Viele sind berufen, wenige sind auserwählt

Wohl dem, der sein Leben am Reißbrett geplant hat. Der junge Mensch aber schlägt Volten, er geht Umwege, verläuft sich. Neben der Karriereplanung steht in der Schulzeit auch die Pubertät auf dem Stundenplan. Wer Abiturienten rät, sie hätten auf das Medizinstudium hinarbeiten müssen, der übersieht, dass viele von ihnen nicht frühzeitig um ihre Begabungen wissen. Warum sollte Spätberufenen der Weg ins Studium also verwehrt bleiben, wenn sie sich fachlich eignen? Dass das Bundesverfassungsgericht auch andere Kompetenzen verlangt als eine gute Abiturnote, ist richtig: Ein guter Abiturient muss kein guter Arzt werden. Mediziner brauchen Empathie, und die fließt nicht mit in den Abischnitt ein.

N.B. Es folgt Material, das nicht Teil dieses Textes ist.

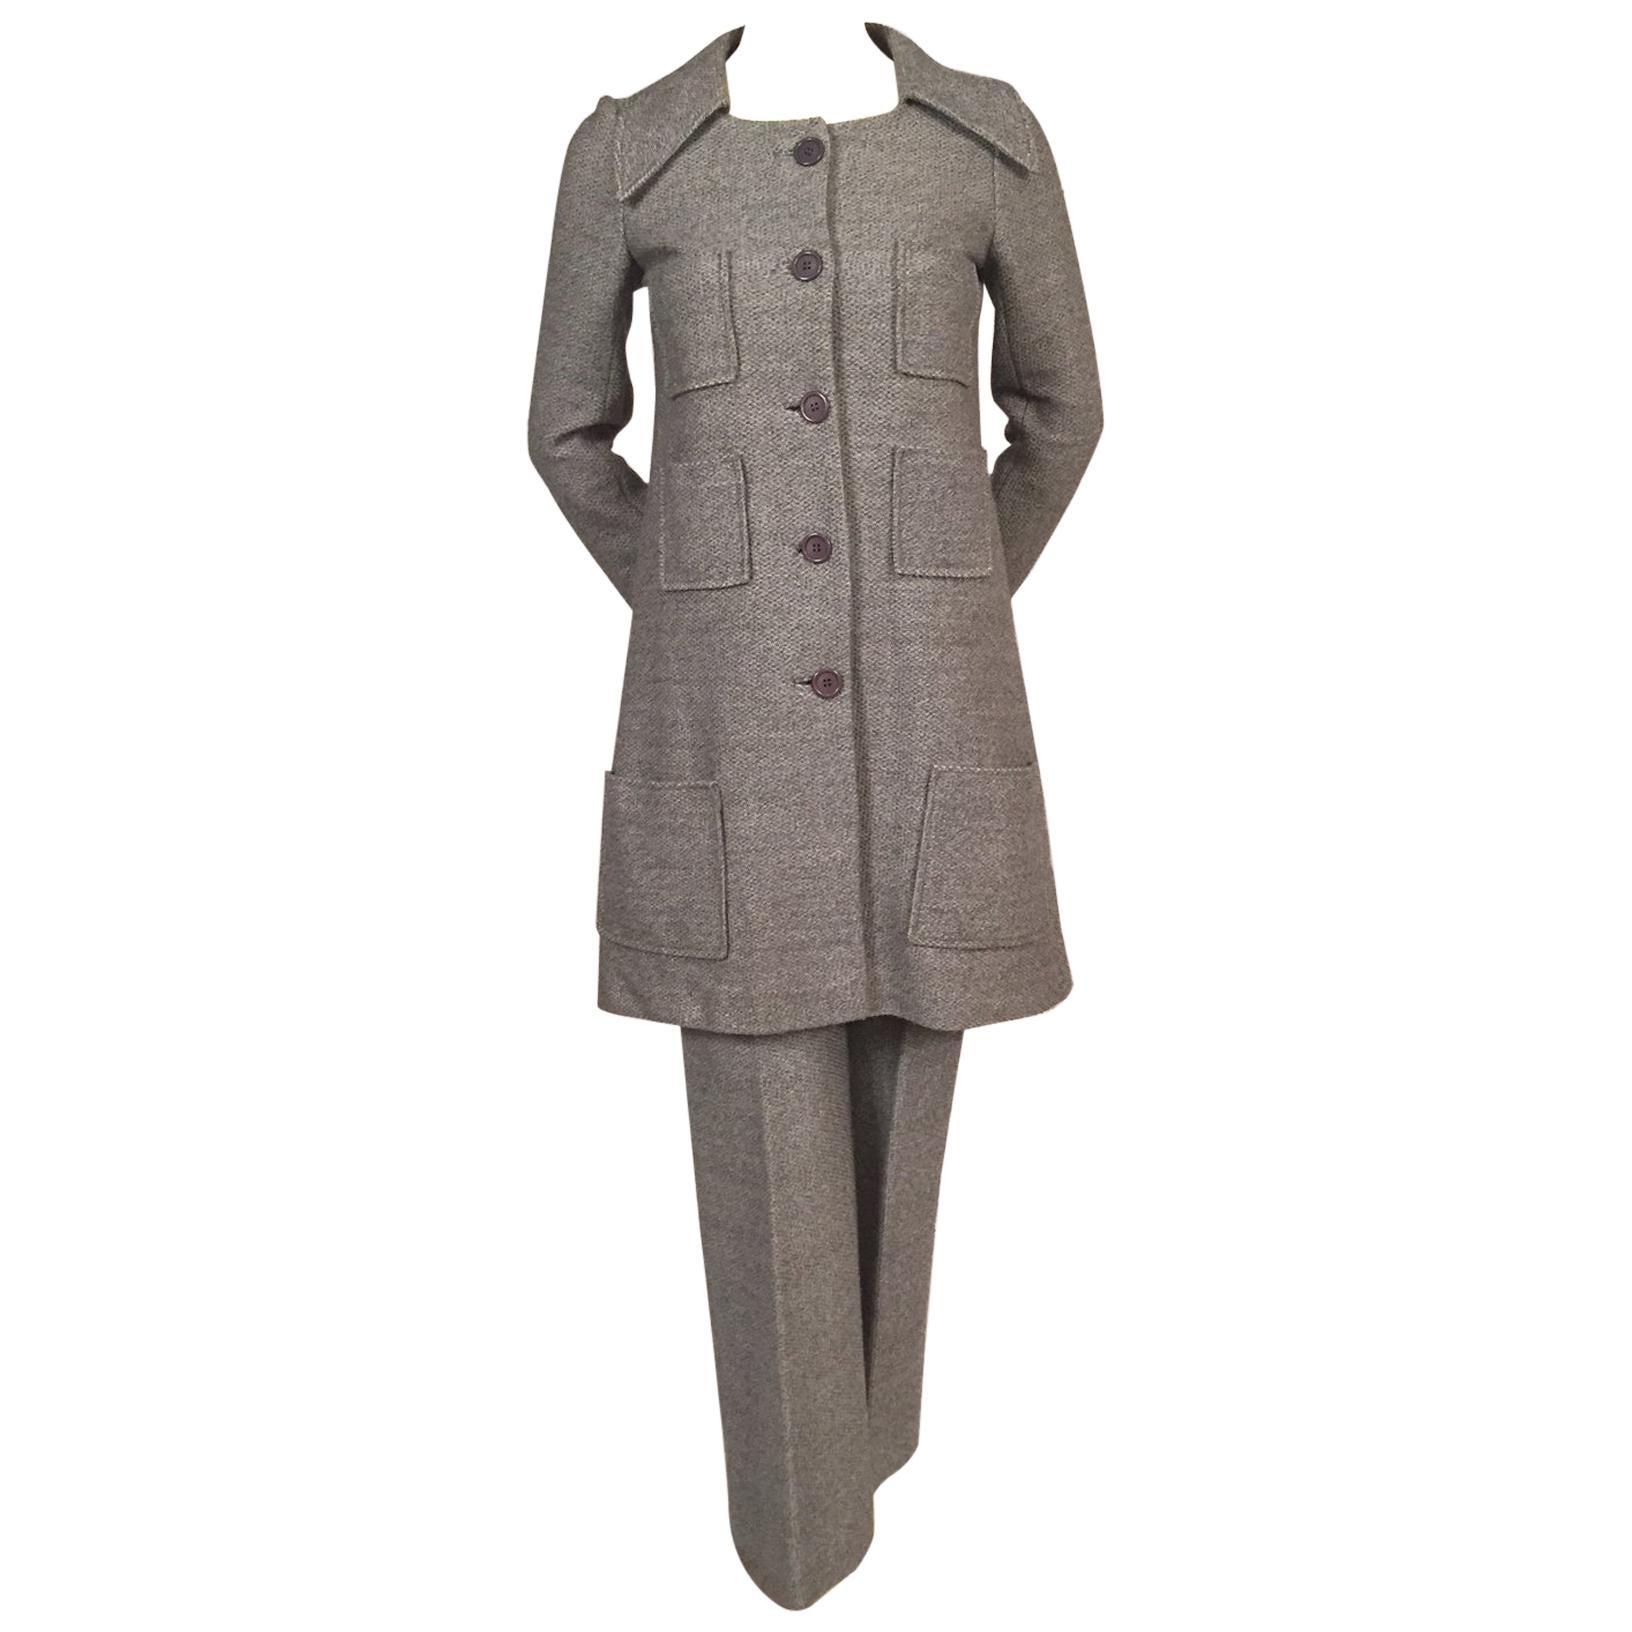 1970's Sonia Rykiel Wool Tweed Six Pocket Coat and Matching Trousers

Viele sind berufen, wenige sind auserwählt
Foto: Ekkehart Malz

Die Reform der Studienplatzvergabe ist überfällig, der Gesetzgeber hätte längst aktiv werden können. Jetzt hat er zwei Jahre lang Zeit, einen großen Wurf zu planen. Er wird vor allem eine Antwort auf die Frage finden müssen, wieso auf dem Land so viele Ärzte fehlen, obwohl mehr als 40.000 junge Menschen Mediziner werden möchten. Im Evangelium nach Matthäus heißt es: "Denn viele sind berufen, wenige sind auserwählt." Das wird so bleiben, aber es wird endlich gerechter dabei zugehen.